Мотя испугалась, встревоженный Павел тоже подошел к кровати.

– Я уже выздоравливаю, – успокоила их Оля. – Просто так, немного прихворнула. Но вставать мне в самом деле пока не нужно. Вы посидите около меня, ладно? И скажите, как вы меня нашли?

– Он нашел, – показала Мотя на Павла, а тот объяснил с гордостью:

– Дело простое, во вчерашней газете твоя фамилия поминается. Я, конечно, сообразил, что это ты, другой Журавской откуда тут взяться? Ну, зашел в ваше учреждение, мне растолковали, где ты квартируешь.

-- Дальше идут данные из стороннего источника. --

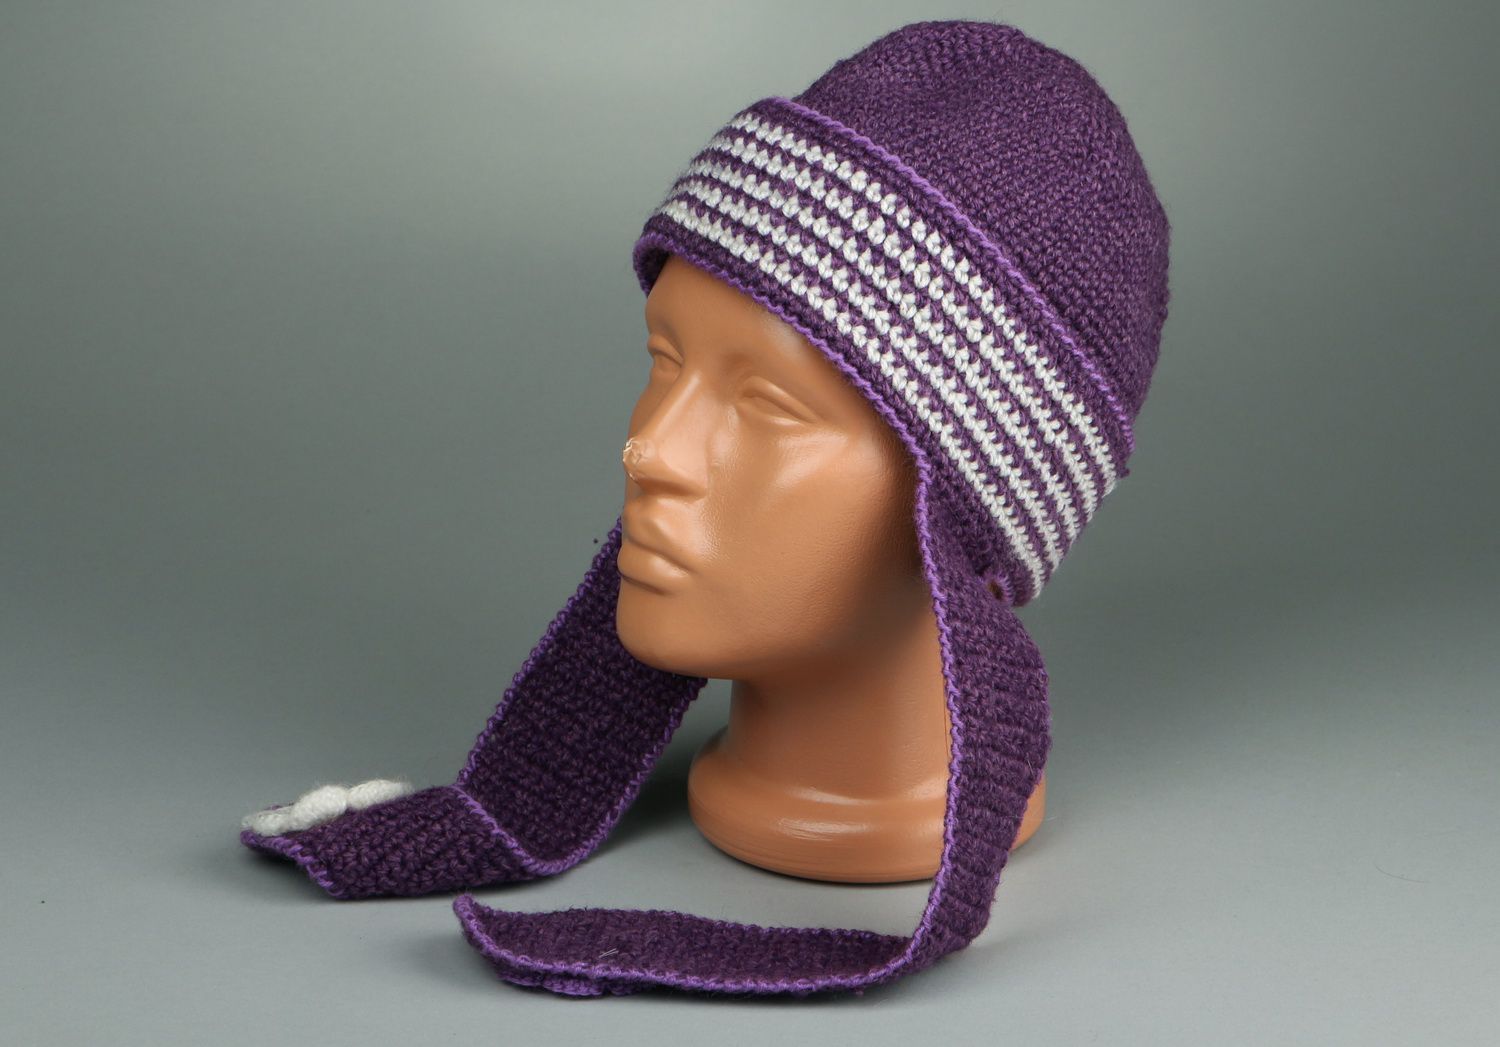 Crochet hat with ear flaps photo 1

Вчера еще собирались, пурга началась к ночи, решили – сегодня.

Он показал Оле газету со статьей заведующего окроно, посвященной итогам зимней учительской сессии. Мотя и Ирина хлопотали у стола, Оля запоздало сказала:

– Познакомьтесь с моими подругами.

Стол подтащили к кровати, Вера принесла еще подушек, и Оля удобно устроилась сидя. Больше всего ей хотелось узнать, как Павел и Мотя живут, почему они уехали из Игарки. Павел объяснил, что Игарка город хороший, только скучноватый, жизни там меньше, чем в Дудинке, хотя Дудинка и севернее.

– Летом здесь на реке, как на проспекте, – сказал он. – Толчея. Моряки с Ледовитого океана, баржи с юга, днем и ночью кипит работа, ну, красота!

Он рассказал, как, приехав, они сняли угол в балке у знакомого. И тут же начали ставить свой балок, не дожидаясь, пока их поселят в городском доме. Сейчас они стоят на очереди, скоро сдается четырехэтажный каменный дом со всеми удобствами, комнату им там обещают. Ну, а переедут ли, еще не решено, в балке у них тоже не плохо, две комнаты, радио, электричество, водопровод совсем рядом, а летом лучше и не надо – вроде дачи на берегу реки.

– Приезжать будешь, у нас останавливайся, Оленька, – пригласила Мотя. – Комнату тебе целую отдам, сможешь и отдохнуть и позаниматься – не помешаем.

– Сероцкого помнишь, Оля? – спросил Павел. – Он ведь отыскал нас. И куда-то в ваши края потом отправился. К тебе, случаем, не заезжал?

– Заезжал, – ответила Оля. – Он около двух недель прожил в нашем становье.

Она говорила спокойно, ей казалось, что она ничем не выдала своего состояния. Но когда Павел пустился в новые расспросы о Сероцком, Мотя вдруг прервала его и заговорила о своей работе. Так они беседовали, перескакивая с одного на другое. Вечером Ирина с Верой ушли в клуб, а Павел начал зевать.

– Пошли, Мотя, – предложил он. – Завтра рано на работу. И Оле отдохнуть надо.

– Ты иди, а мы поболтаем без мужского уха, – ответила Мотя. – Нужно нам о своем еще потолковать.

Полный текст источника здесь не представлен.